■ DATA TO PROCESS ■
* * * * * * *

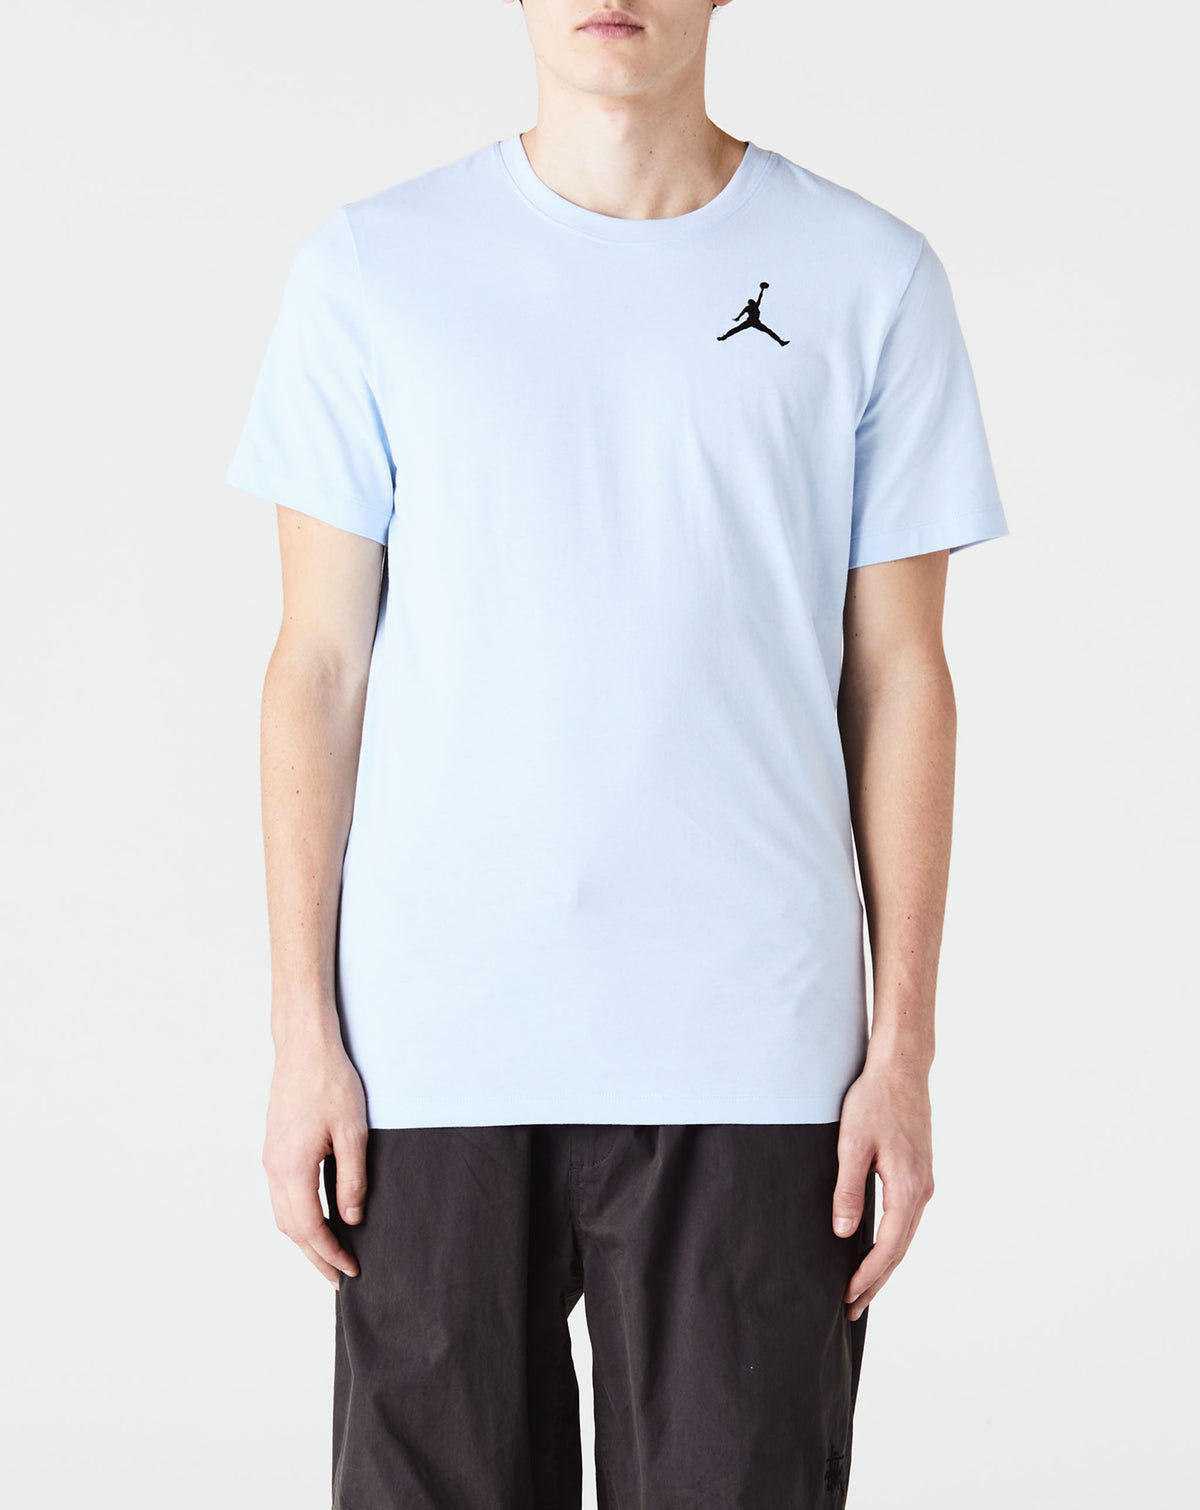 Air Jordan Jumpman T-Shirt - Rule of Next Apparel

* * * * * * *

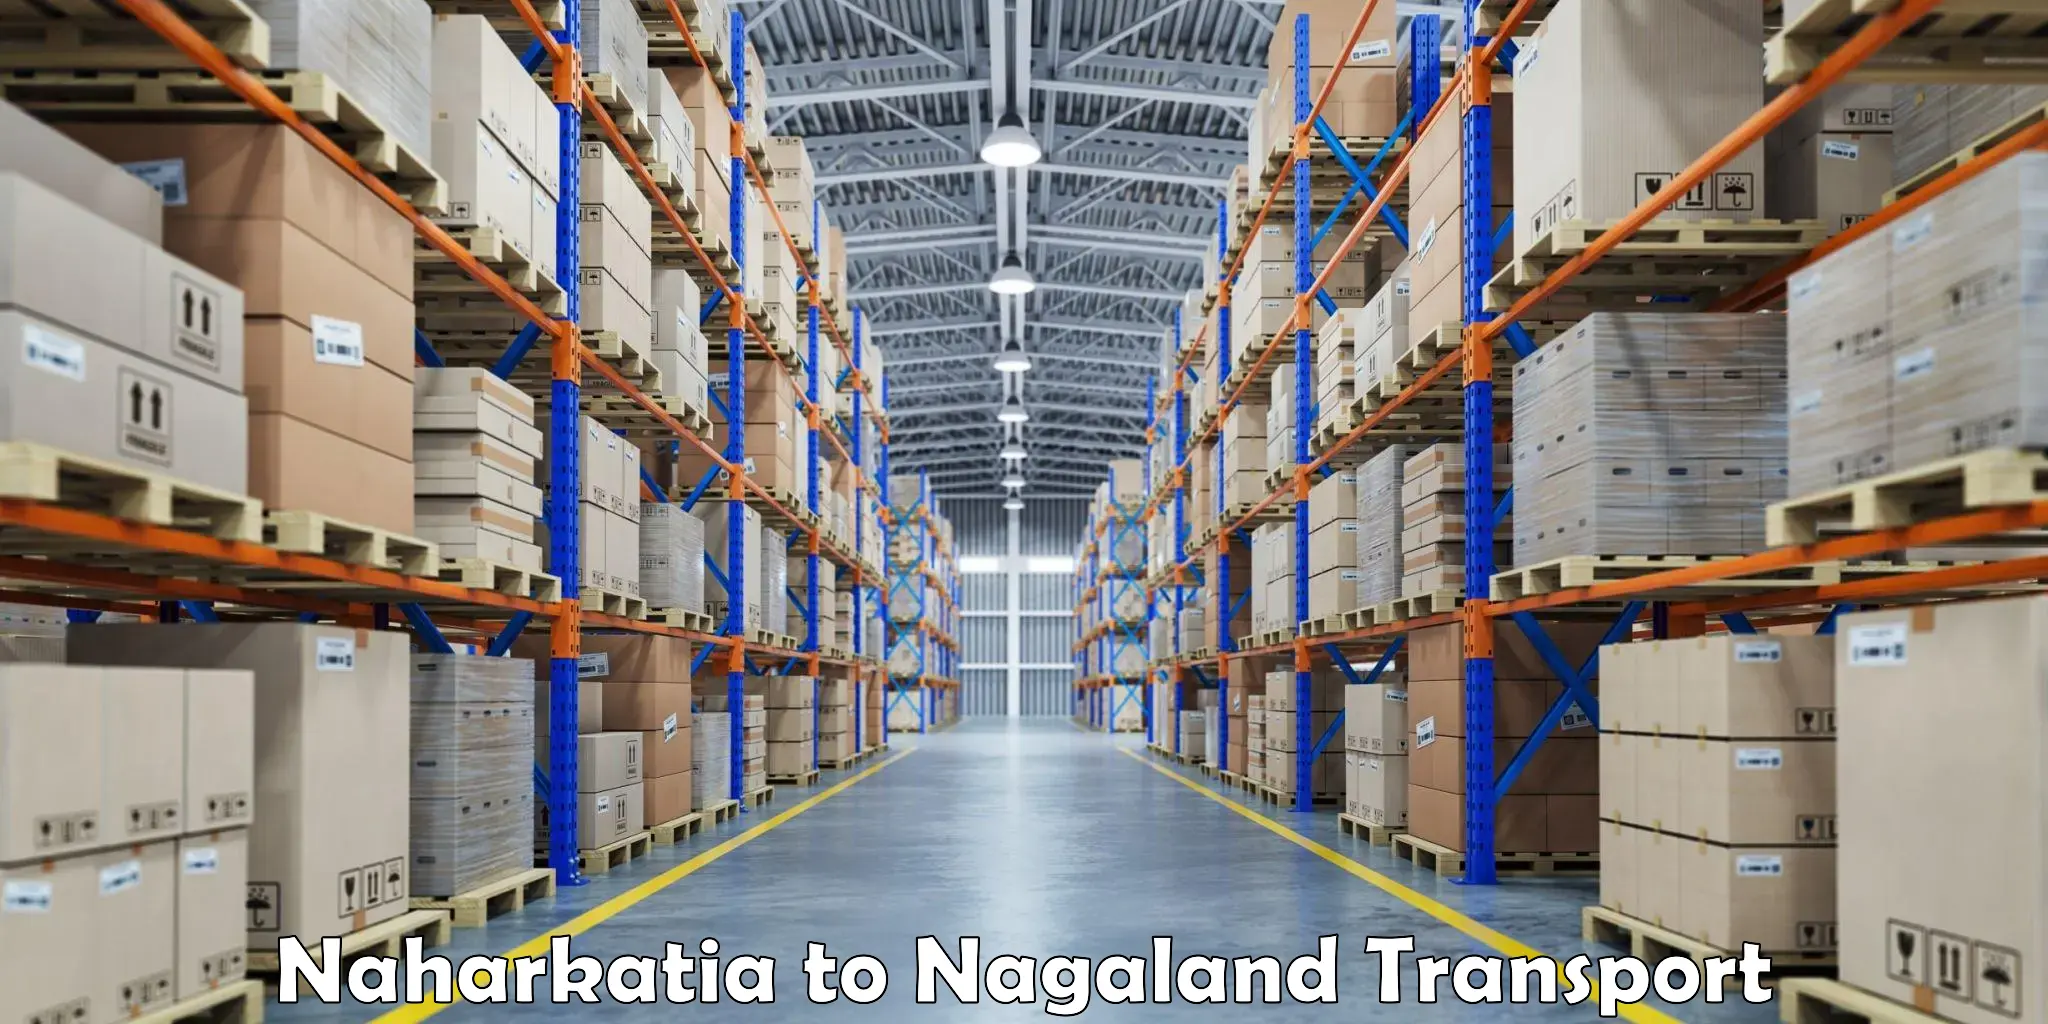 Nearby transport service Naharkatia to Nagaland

* * * * * * *

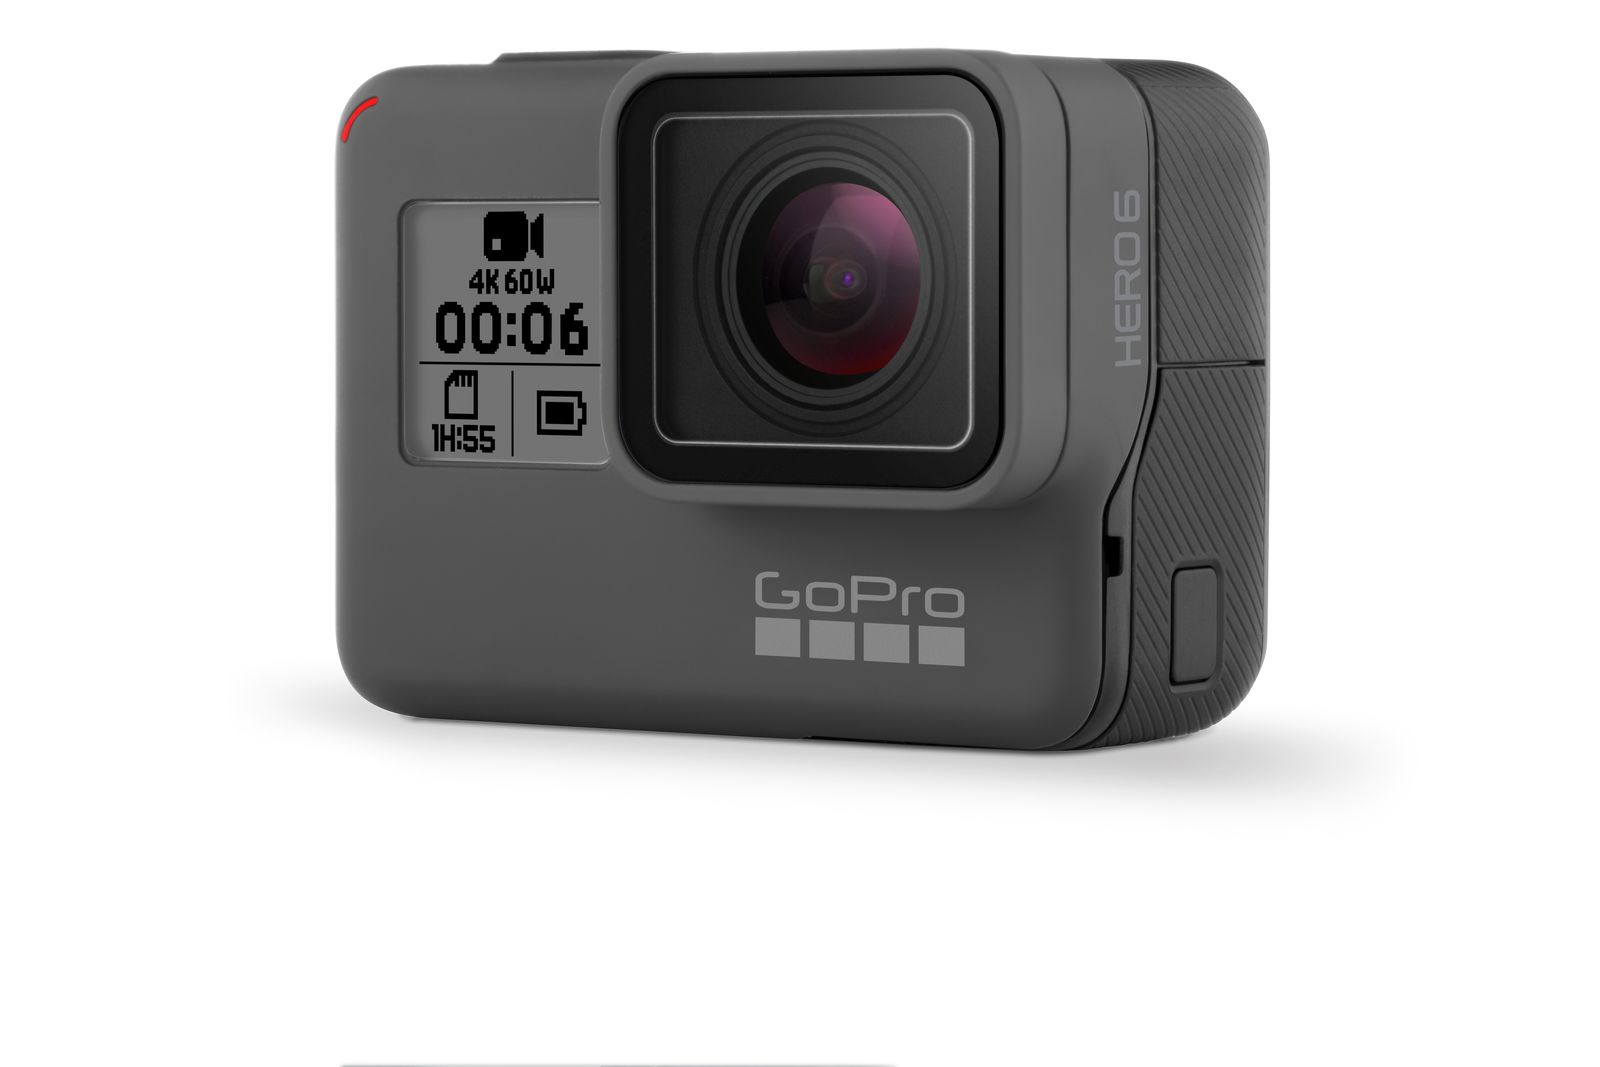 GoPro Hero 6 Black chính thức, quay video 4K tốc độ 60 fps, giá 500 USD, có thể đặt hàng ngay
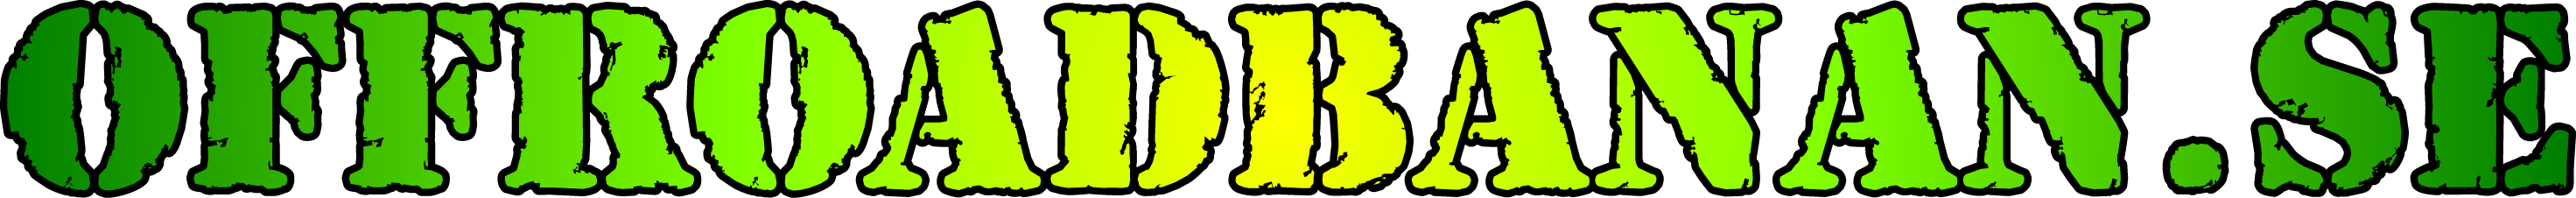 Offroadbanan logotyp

* * * * * * *

■ ABOUT THIS EXERCISE ■
Go down the entries above from the line containing "GoPro Hero 6" to the line containing "Offroadbanan logotyp" and write out each line exactly, leaving pictures out.

■ RESULT OF THE TASK ■
 GoPro Hero 6 Black chính thức, quay video 4K tốc độ 60 fps, giá 500 USD, có thể đặt hàng ngay
 Offroadbanan logotyp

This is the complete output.